Each matrix element W.sub.ij represents the strength of association
between feature f.sub.j and concept C.sub.j. If W.sub.ij is
non-zero, then f.sub.j is evidence for C.sub.j. Values for matrix
element weights W.sub.ij are real numbers between -1.0 and 1.0.
Such matrix processing is well known in the art and techniques for
efficient multiplication using a sparse matrix representation are
known. A user can set the weights via REE table 50, which in one
embodiment, is the only way to introduce negative weights. A weight
of zero means f.sub.j in a document (or query) D does not influence
whether D gets tagged to C.sub.j. A positive weight means D is more
likely to get tagged to C.sub.j, and a negative weight means D is
less likely to get tagged to C.sub.j. The classification step as
described above is augmented with several novel aspects that use
the matrix element attributes (evidence attributes) to affect the
classification procedure. A matrix element contributes to a
concept's score if that matrix element's weight times its feature's
count is added to the running sum for that concept. In order to
affect classification, the running sum has several attributes in
addition to the sum itself, and as the running sum becomes the
score for the concept, the score carries these attributes. Feature
vectors 100 and feature vector elements 710 also have attributes
determined during the operation of feature finder 10. If any of the
matrix elements that contribute to a concept's score have the
RejectConcept attribute set, the RejectConcept attribute of the
running sum is set. Prior to selection of the top N concepts, any
concept whose score carries the RejectConcept attribute is
eliminated. If any of the matrix elements that contribute to a
concept's score have the DirectHit attribute set, the DirectHit
attribute of the running sum is set. Prior to selection of the top
N concepts, any concept whose score carries the DirectHit attribute
is moved to the front of the list. If there are more than N
concepts carrying the DirectHit attribute, all of them are
selected. If any of the matrix elements that would contribute to a
concept's score have the Stop or FilteredOut attribute set, such a
matrix element does not contribute to the concept's score. (In
other words, the presence of the stop or filtered out attribute
causes the matrix element's weight times its feature's count not to
be added to the running sum). If any of the matrix elements that
would contribute to a concept's score have the Case attribute set
and its feature does not have the Case attribute set in the feature
vector 100, such a matrix element does not contribute to the
concept's score. If any of the matrix elements that would
contribute to a concept's score have the Stemming attribute set and
its feature does not have the Stemming attribute set in the feature
vector 100, such a matrix element does not contribute to the
concept's score. If any of the matrix elements that would
contribute to a concept's score have the Overlap attribute set to
Disallowed and its feature has the Overlap attribute set in the
feature vector 100, such a matrix element does not contribute to
the concept's score. If any of the matrix elements that would
contribute to a concept's score have the Scope attribute set to
QueryOnly and its feature has the Scope attribute set in the
feature vector 100 to Document, such a matrix element does not
contribute to the concept's score. Correspondingly, if any of the
matrix elements that would contribute to a concept's score have the
Scope attribute set to DocumentOnly and its feature has the Scope
attribute set in the feature vector 100 to Query, such a matrix
element does not contribute to the concept's score.
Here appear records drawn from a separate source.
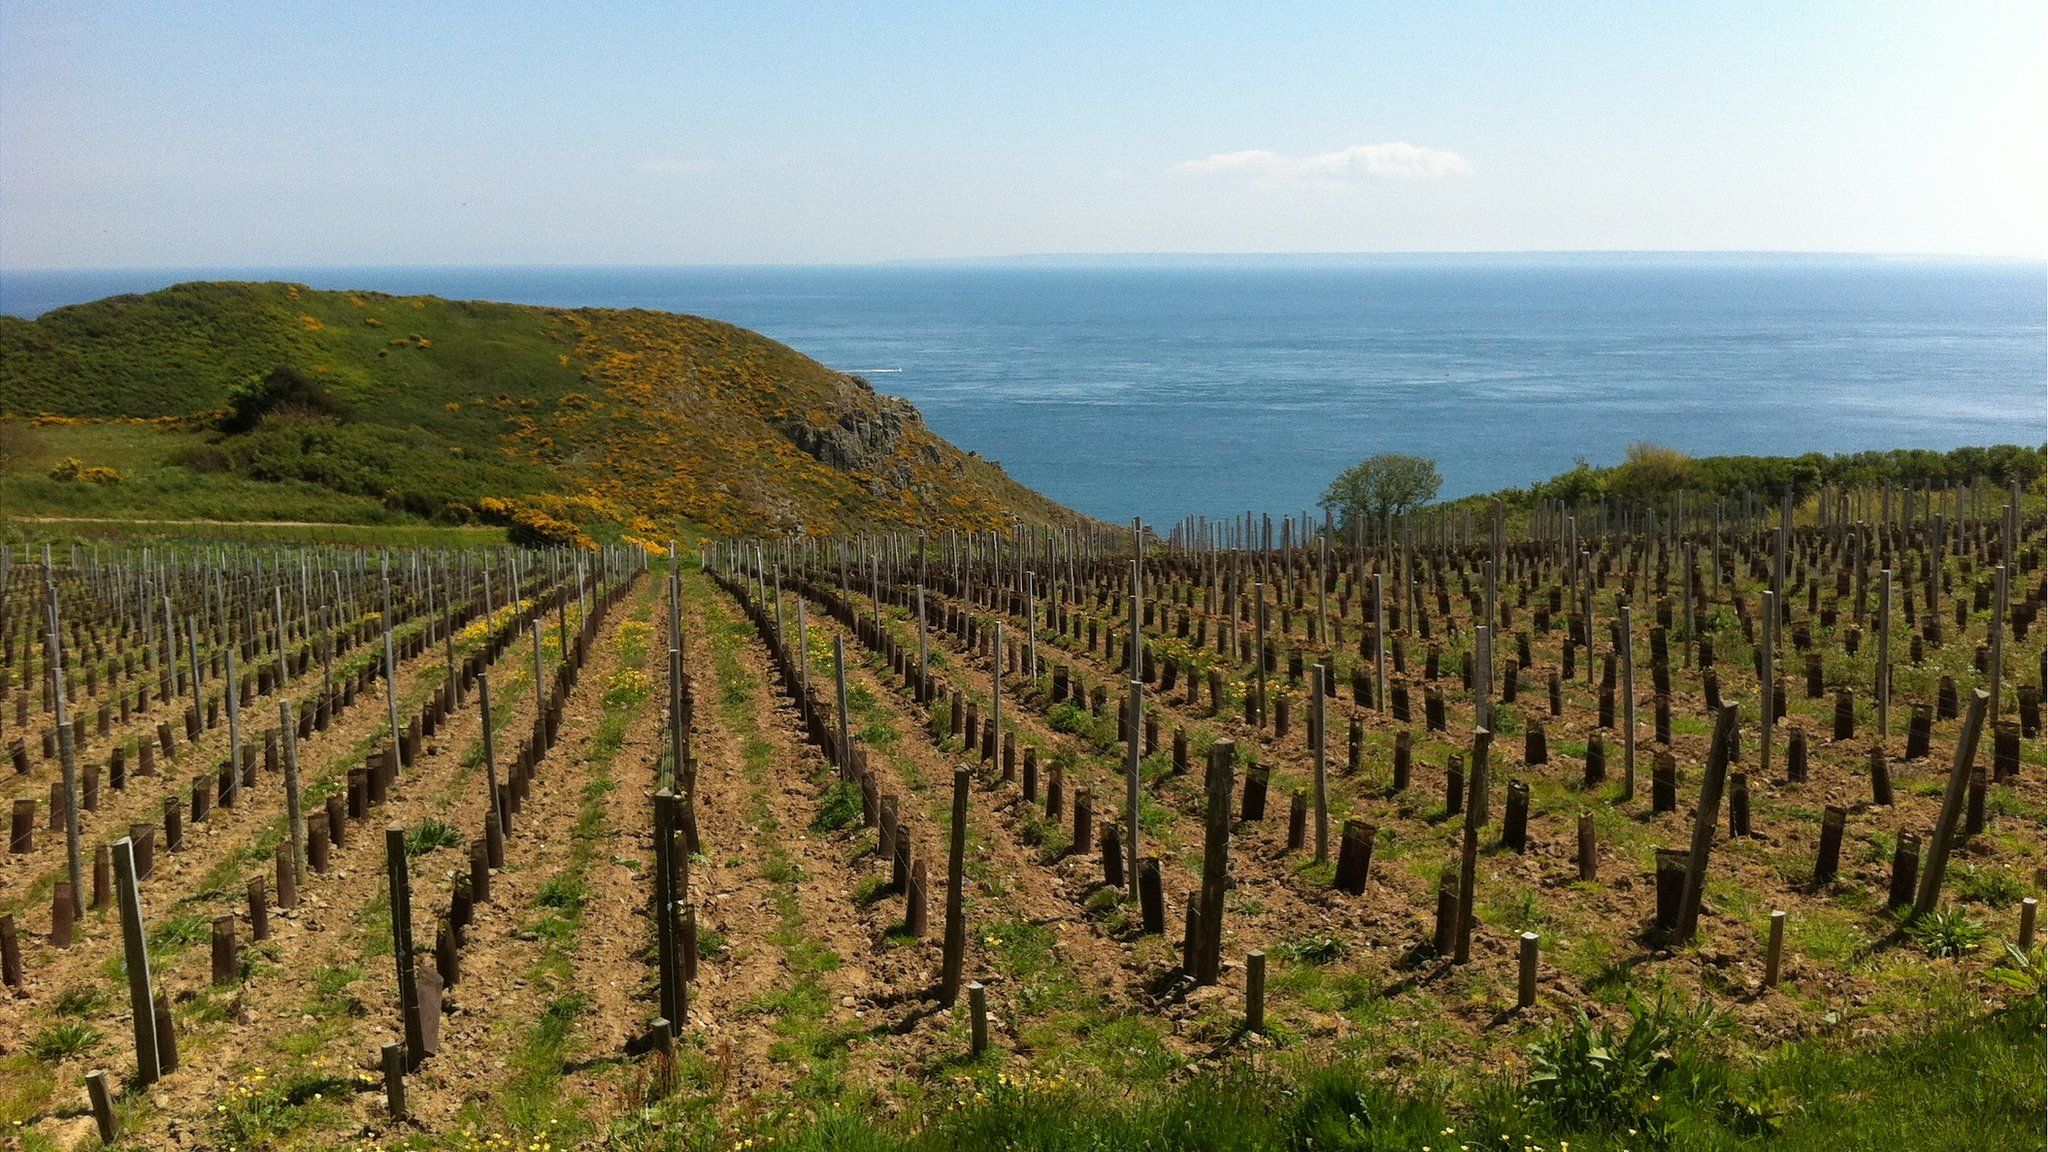 Sark vineyard
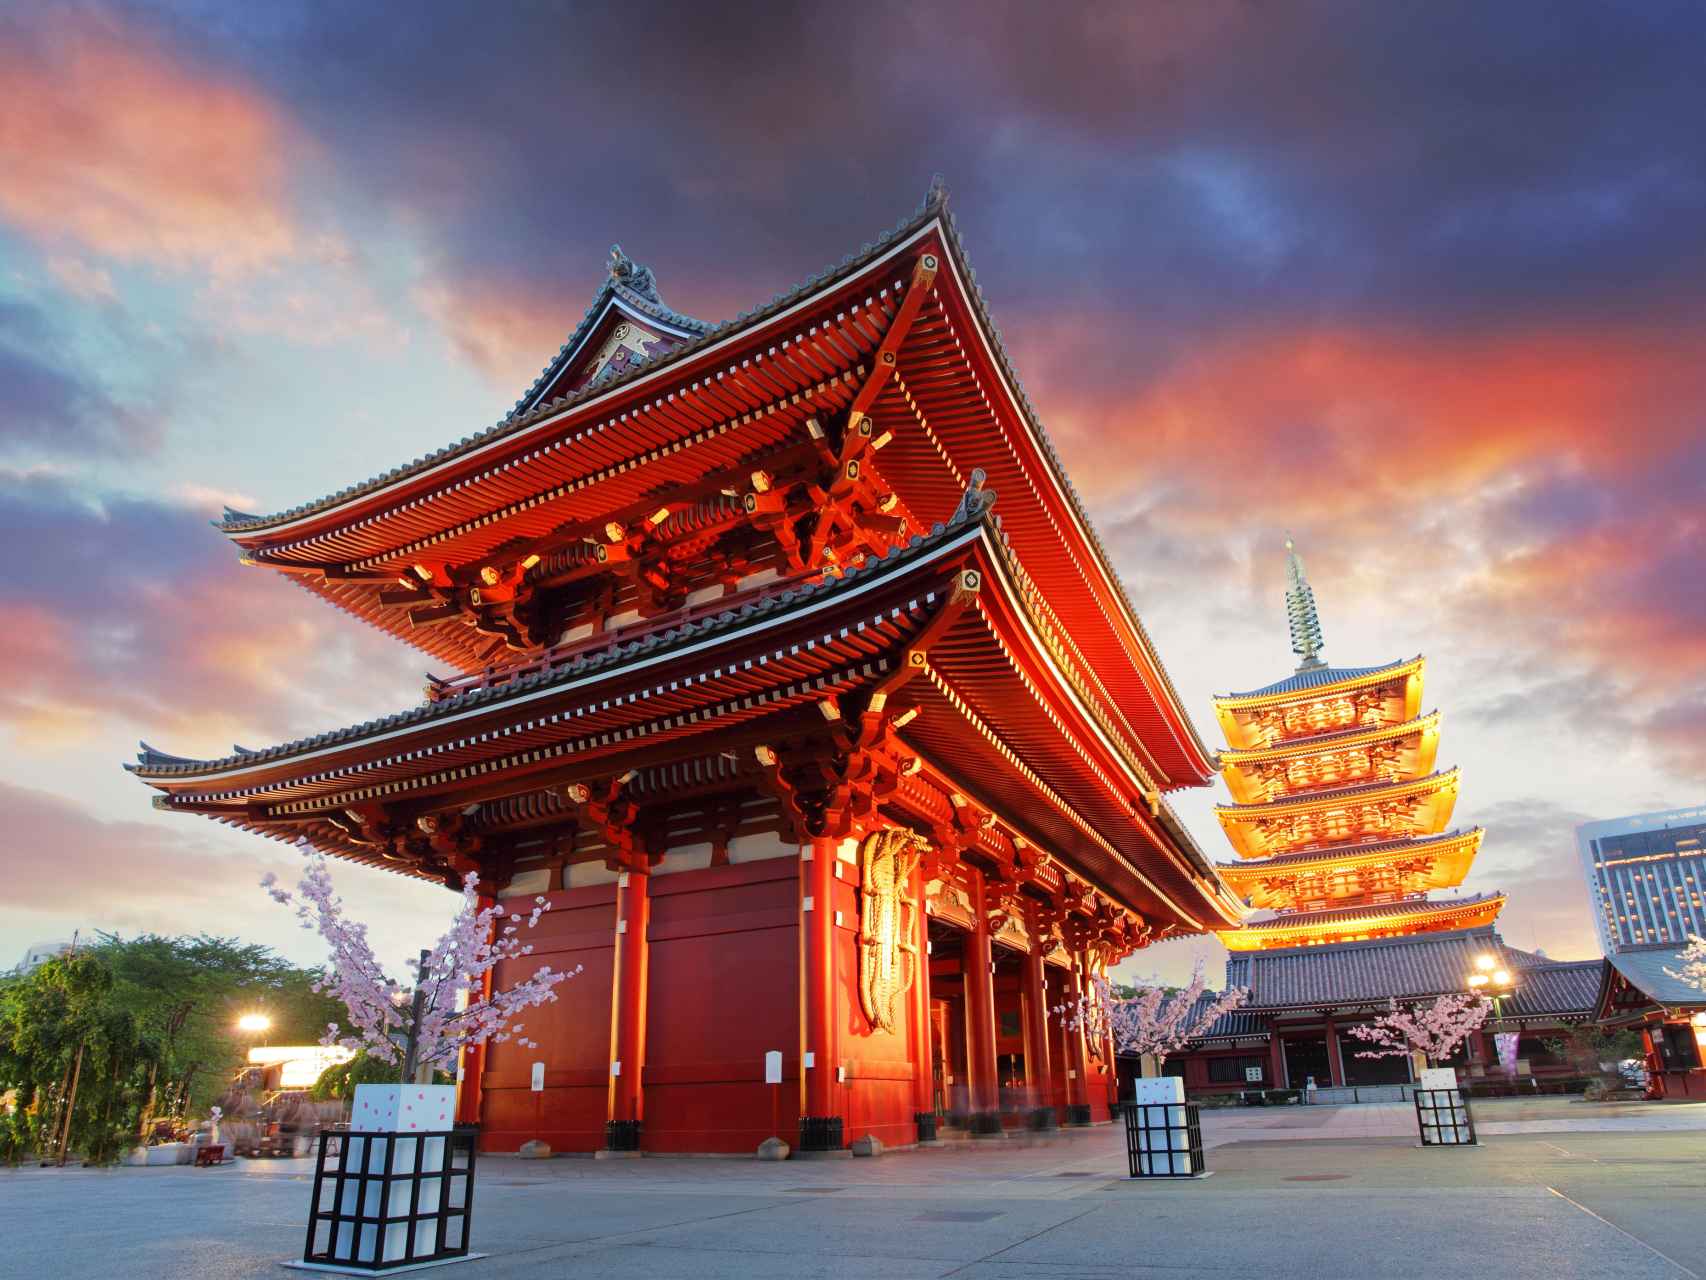 El Templo de Asakusa Kannon es el templo budista más antiguo de Tokio.
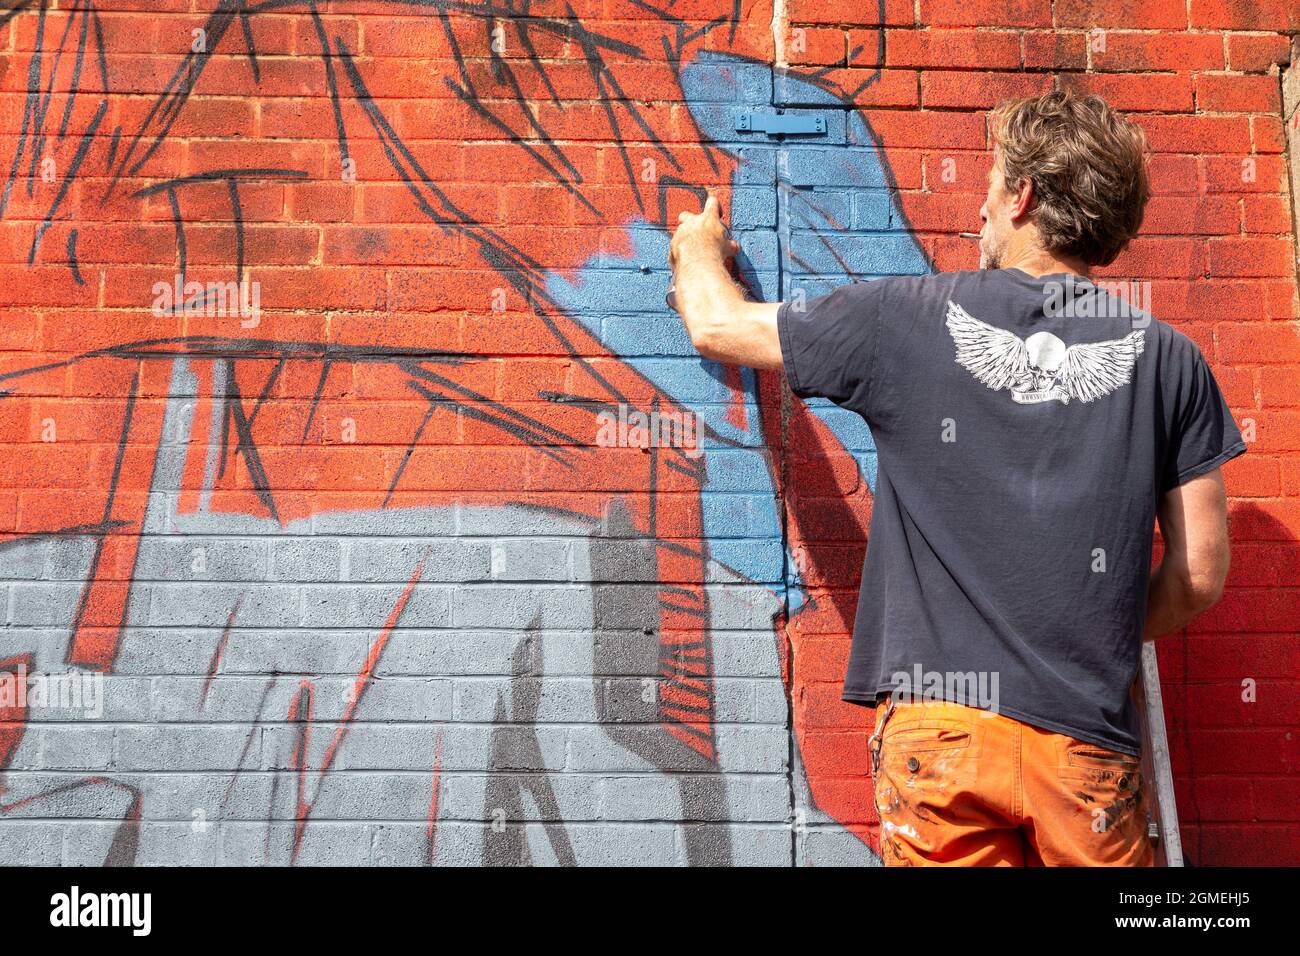 Birmingham, Regno Unito. 18 settembre 2021. Un artista graffiti al lavoro durante l'High Vis Street Culture Festival che si svolge nel corso del fine settimana a Digbeth, Birmingham. Il quartiere di Digbeth della città è conosciuto per la sua cultura dei graffiti di strada. Credit: Peter Lopeman/Alamy Live News Foto Stock

[0075] There is a system parameter that controls whether
statistically defined features (learned evidence) are to be used
during classification. If the system parameter is set to HumanOnly,
then any of the matrix elements that would contribute to a
concept's score that do not have the Edited attribute set do not
contribute to the concept's score.
[0076] Unlike prior art statistical text classifiers, the present
invention allows users to not only to specify features, but to
identify the categories to which those features are relevant. The
result is that a specified feature may have an effect on
classification largely or only to a specified concept (depending on
the parameter that controls the contribution of human evidential
terms versus the contribution of learned evidential terms). The
importance of this in preventing false correlations can be easily
seen. Suppose one concept is Litigation and another concept is
Product Recalls. A person might well identify "lawsuit" as a
feature with the Litigation concept in mind. In a standard
statistical classifier, in which it is not possible to specify that
"lawsuit" is relevant to Litigation, its distribution in the
training data will completely determine its effect on
classification. If the classifier is trained on news articles, a
higher than average number of occurrences of "lawsuit" is likely to
appear in articles about Product Recalls. The resulting classifier
will contain a false correlation between "lawsuit" and Product
Recalls. That is, it will tend to classify documents about
litigation to the Product Recalls category even if they do not
concern recalls. In the present invention, it is possible to
specify that "lawsuit" is relevant to Litigation (via the REE) and
it is possible to control the contribution of human evidential
terms versus the contribution of learned evidential terms. In other
words, the effect of the appearance of "lawsuit" in the training
data for Product Recalls can be minimized or eliminated. The effect
can be eliminated by setting the system parameter controlling the
use of statistically learned features to HumanOnly. Note that this
is not the same as ignoring the training data. The weights assigned
to the human-specified features which are used reflect the
distribution of those features in the training data. The effect can
be minimized while still using statistically learned features by
setting the system parameter to UseAllFeatures rather than to
HumanOnly and by setting the default value for the Count attribute
used when loading REE table 50 to a high value, setting the scaling
factor S to a low value, or setting the mixing parameter lambda to
a low value.
[0077] One embodiment of the present invention can group
categories, or use distinct (exclusive) sets of related categories,
it can classify against multiple sets of categories (perspectives)
as a single operation, and classification against one perspective
can affect classification against other perspectives. Each
perspective relates to a distinct aspect of the text to be
classified. Consider three perspectives on news stories: geography
(where the story took place), business entities (what companies the
story is about) and topic (what the story is about). The features
that are relevant to geography (typically place names) and their
desired effect on classification are largely different from the
features relevant to business entities (typically company names)
and their desired effect, which are largely different from the
features relevant to topic (a much broader class of features) and
their desired effect. Note that the same textual feature may well
be relevant to multiple perspectives ("Apple" may refer to a
business entity or a crop whose price just fell). The categories or
concepts that make up a perspective "compete" against one another
for documents but do not "compete" against other perspectives. That
is, an article about the Japanese fishing industry that happens to
mention a cannery in Canada may be more relevant to Japan than to
Canada, but it is not more relevant to Japan than to fishing--those
aren't competing concepts. Therefore parameters such as the
threshold above which a score must be to classify a document to a
concept, and the number of concepts selected from those scored by
the topic spotter (the top N) are specified per perspective.
[0078] The ability to avoid or minimize the effect of false
cross-correlations that stem from training data is crucial when
building a classifer that classifies against multiple perspectives.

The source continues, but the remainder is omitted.